What you return must match the listing exactly, with every image removed.

__Dataset excerpt__:
┌────────
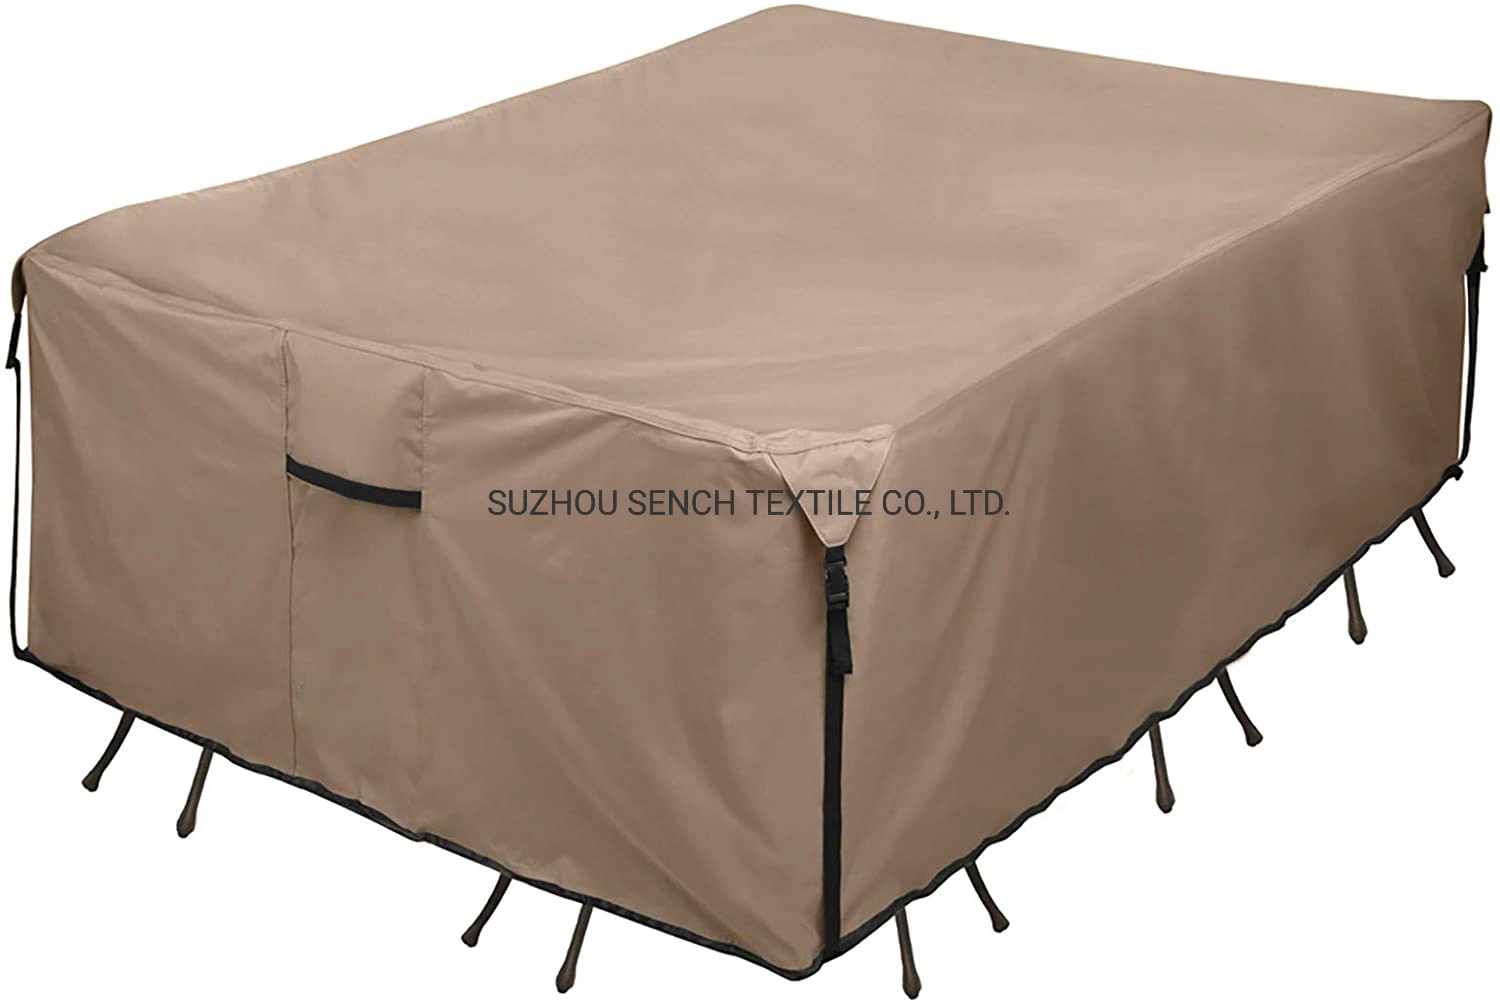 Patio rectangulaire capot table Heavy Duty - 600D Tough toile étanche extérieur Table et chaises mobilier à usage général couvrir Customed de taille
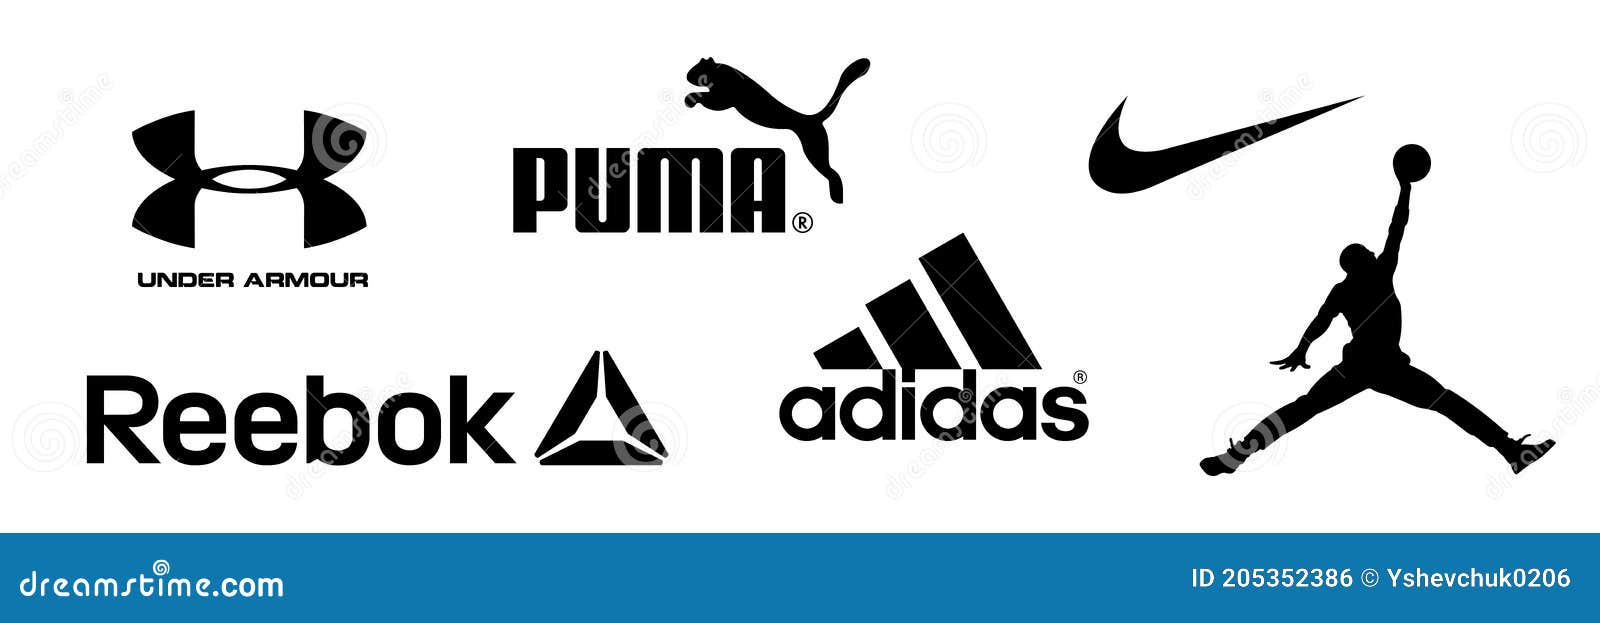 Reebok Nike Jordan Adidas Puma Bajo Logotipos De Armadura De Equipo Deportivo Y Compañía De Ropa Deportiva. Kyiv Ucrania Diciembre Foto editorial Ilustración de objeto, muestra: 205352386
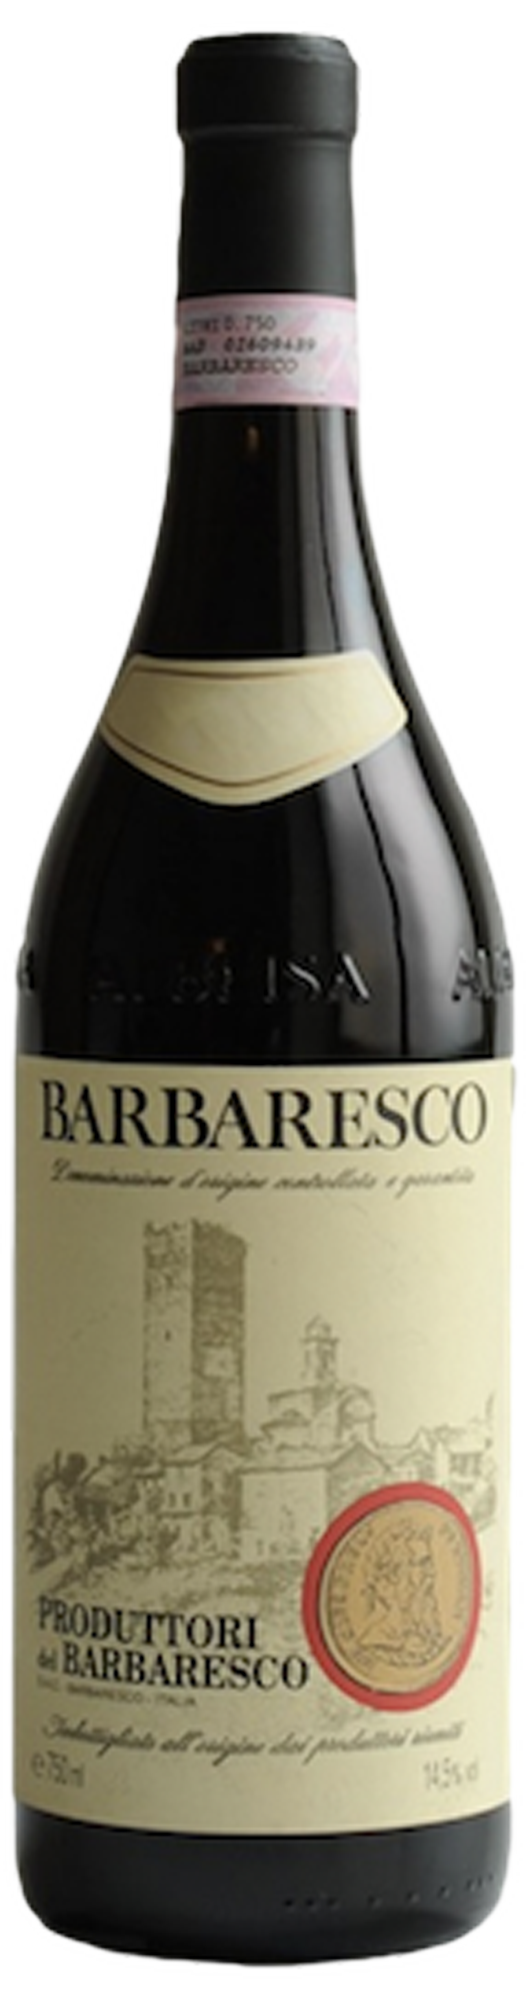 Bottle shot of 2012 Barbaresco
└────────
__Answer below__:
 Patio rectangulaire capot table Heavy Duty - 600D Tough toile étanche extérieur Table et chaises mobilier à usage général couvrir Customed de taille
 Reebok Nike Jordan Adidas Puma Bajo Logotipos De Armadura De Equipo Deportivo Y Compañía De Ropa Deportiva. Kyiv Ucrania Diciembre Foto editorial Ilustración de objeto, muestra: 205352386
 Bottle shot of 2012 Barbaresco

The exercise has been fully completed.